Rapid7, Inc. 8-K
Research Summary
AI-generated summary
Rapid7, Inc. Holds 2026 Annual Meeting; Directors Elected
What Happened
- Rapid7, Inc. filed an 8-K reporting that it held its 2026 Annual Meeting of Stockholders on June 9, 2026, with a quorum present. Stockholders elected all eleven director nominees to serve until the 2027 annual meeting, ratified KPMG LLP as the company’s independent registered public accounting firm for fiscal 2026, and approved, on a non-binding advisory basis, the company’s executive compensation (say-on-pay).
Key Details
- Directors elected (selected vote examples): Marc Brown — 41,959,692 For / 1,334,137 Withheld; Jeff Kalowski — 23,262,431 For / 20,031,398 Withheld; Benjamin Holzman — 40,239,832 For / 3,053,997 Withheld. (All 11 nominees were elected.)

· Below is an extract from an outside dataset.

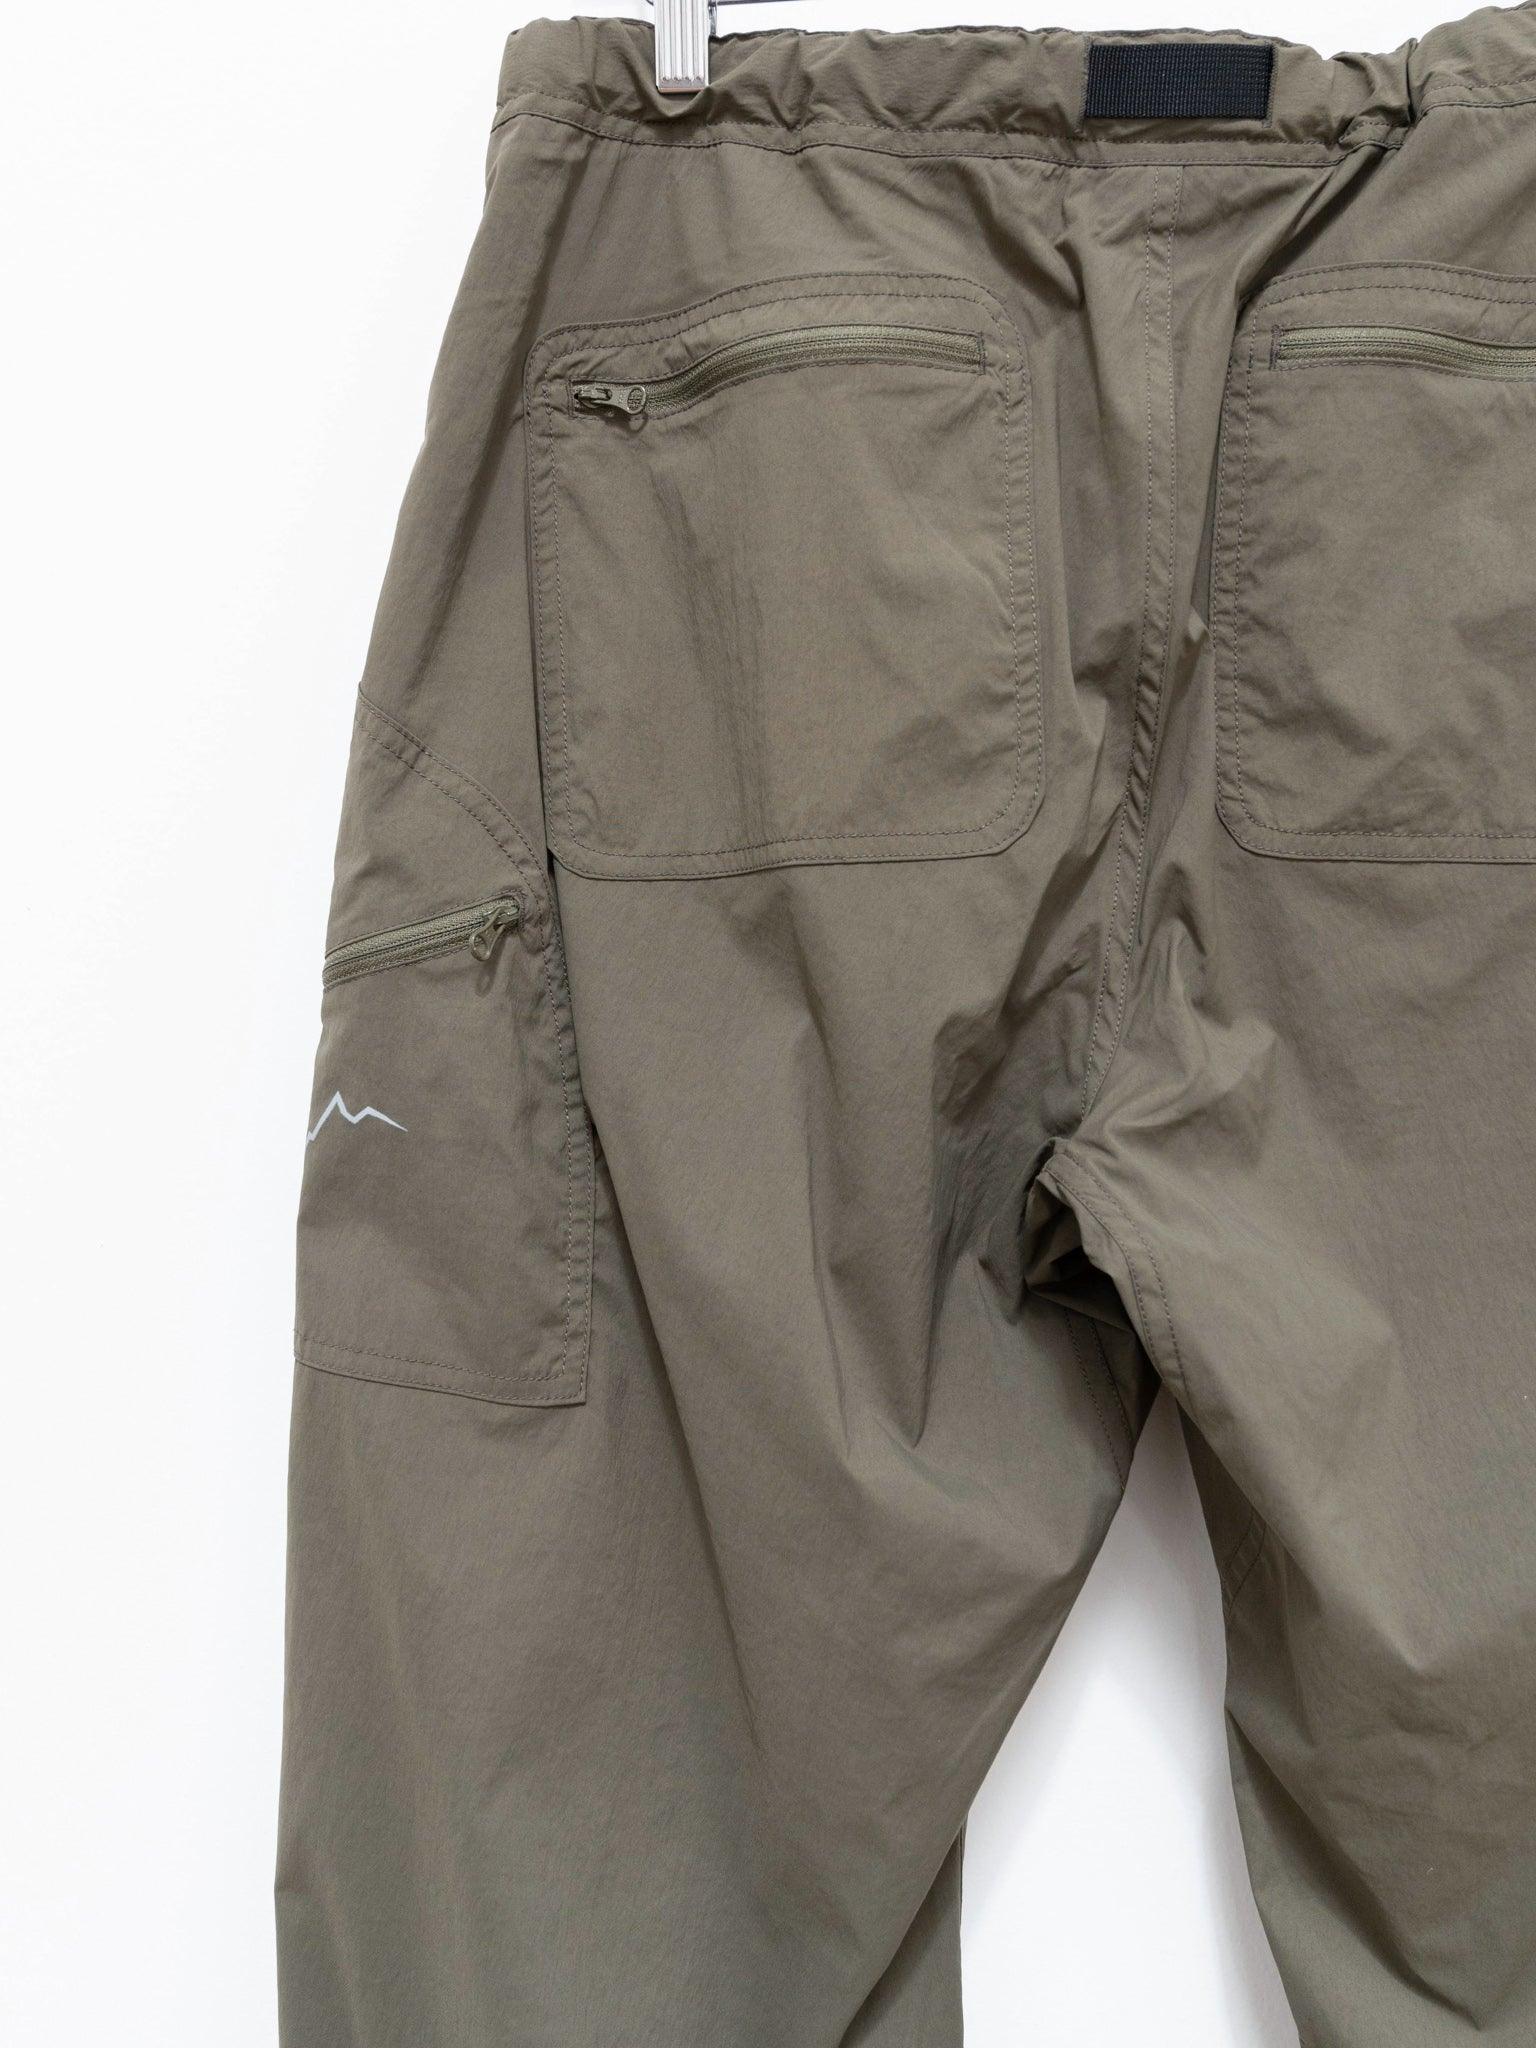 Namu Shop - CAYL 6 Pocket Hiking Pant - Khaki Brown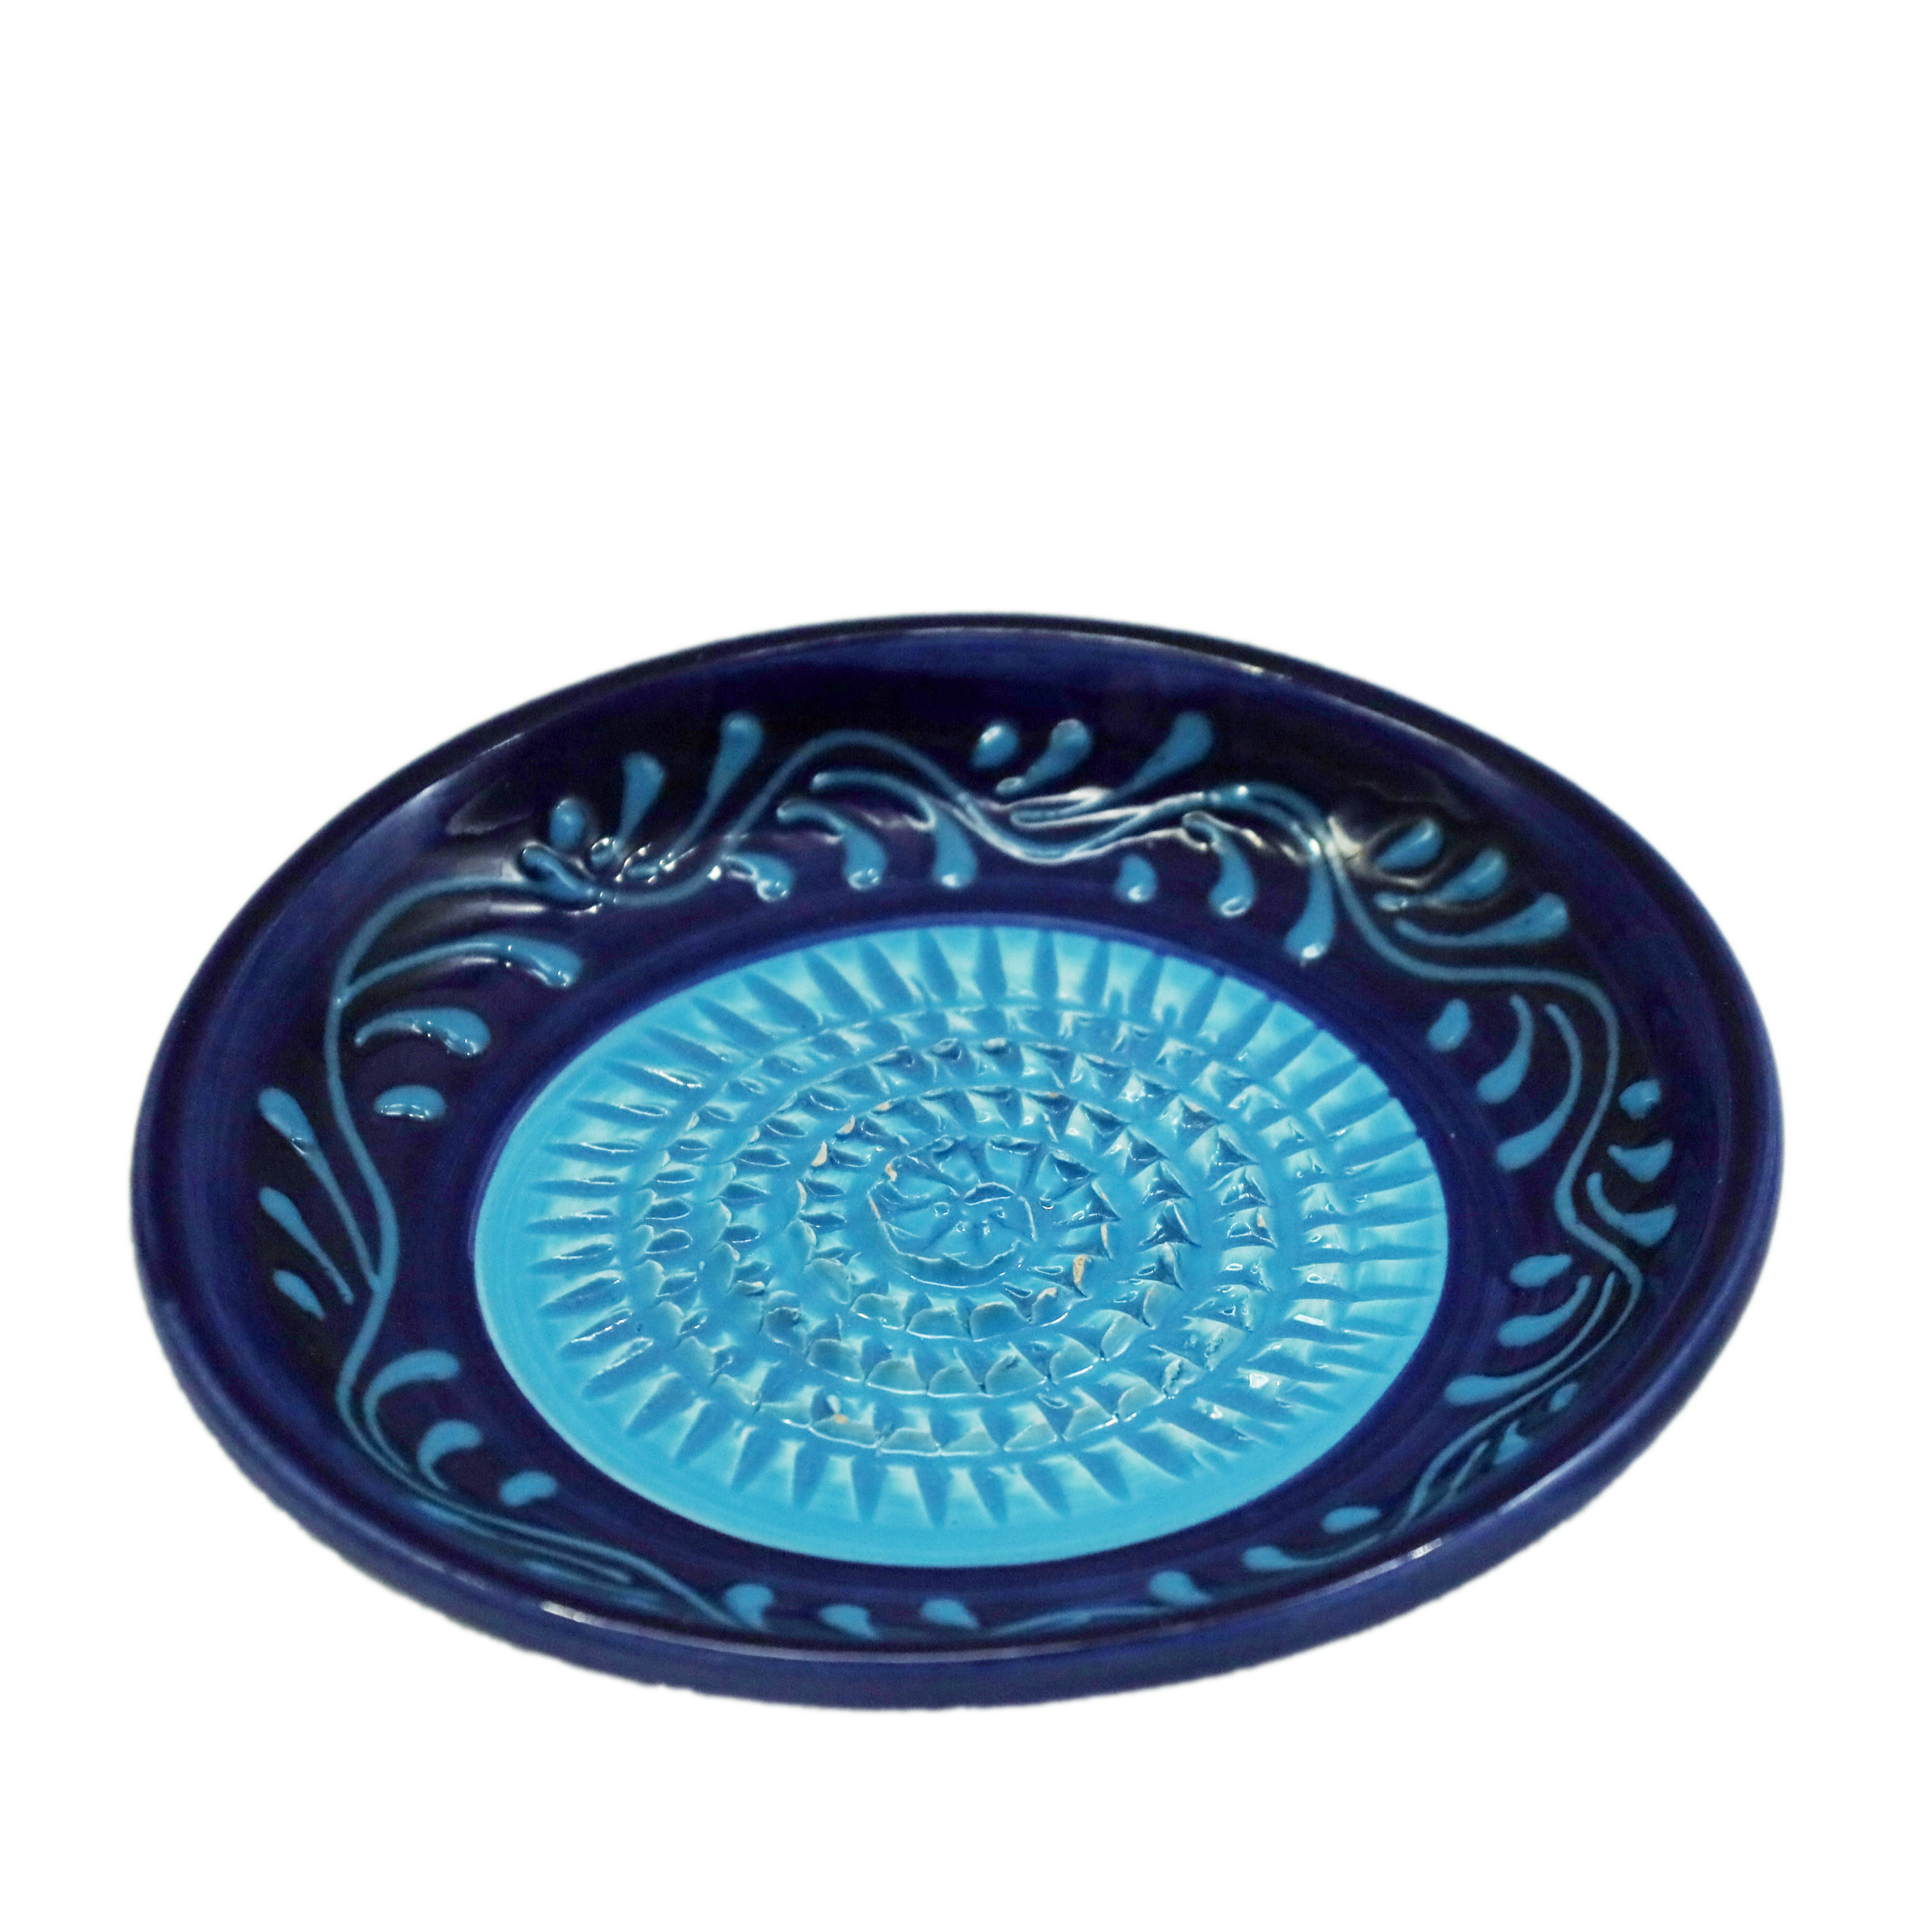 Keramikreibe in Blau-Türkis für Ingwer-Knoblauch-Käse-Nüsse-Muskat-Parmesan-Schokolade uvm.

- Auditor ratification: KPMG LLP approved with 53,078,819 Votes For, 210,614 Against, and 69,437 Abstentions.
- Advisory vote on executive compensation: Approved with 41,186,409 Votes For, 2,052,399 Against, 55,021 Abstentions; there were 10,065,041 broker non-votes on that proposal.
- Broker non-votes: 10,065,041 broker non-votes were recorded on the director elections and the advisory compensation vote, indicating shares held by brokers that did not vote on those matters.
Why It Matters
- Board continuity and governance: Election of all eleven nominees keeps the current board in place through 2027, which matters for company strategy and oversight.
- Auditor confirmation: Ratification of KPMG ensures continuity of the company’s external audit for fiscal year 2026.
- Shareholder sentiment on pay: The non-binding approval of executive compensation indicates a majority of voting shareholders supported the company’s named executive officer pay disclosure, though the presence of significant broker non-votes and notable withheld votes for certain nominees (e.g., Jeff Kalowski) may be relevant to investor governance considerations.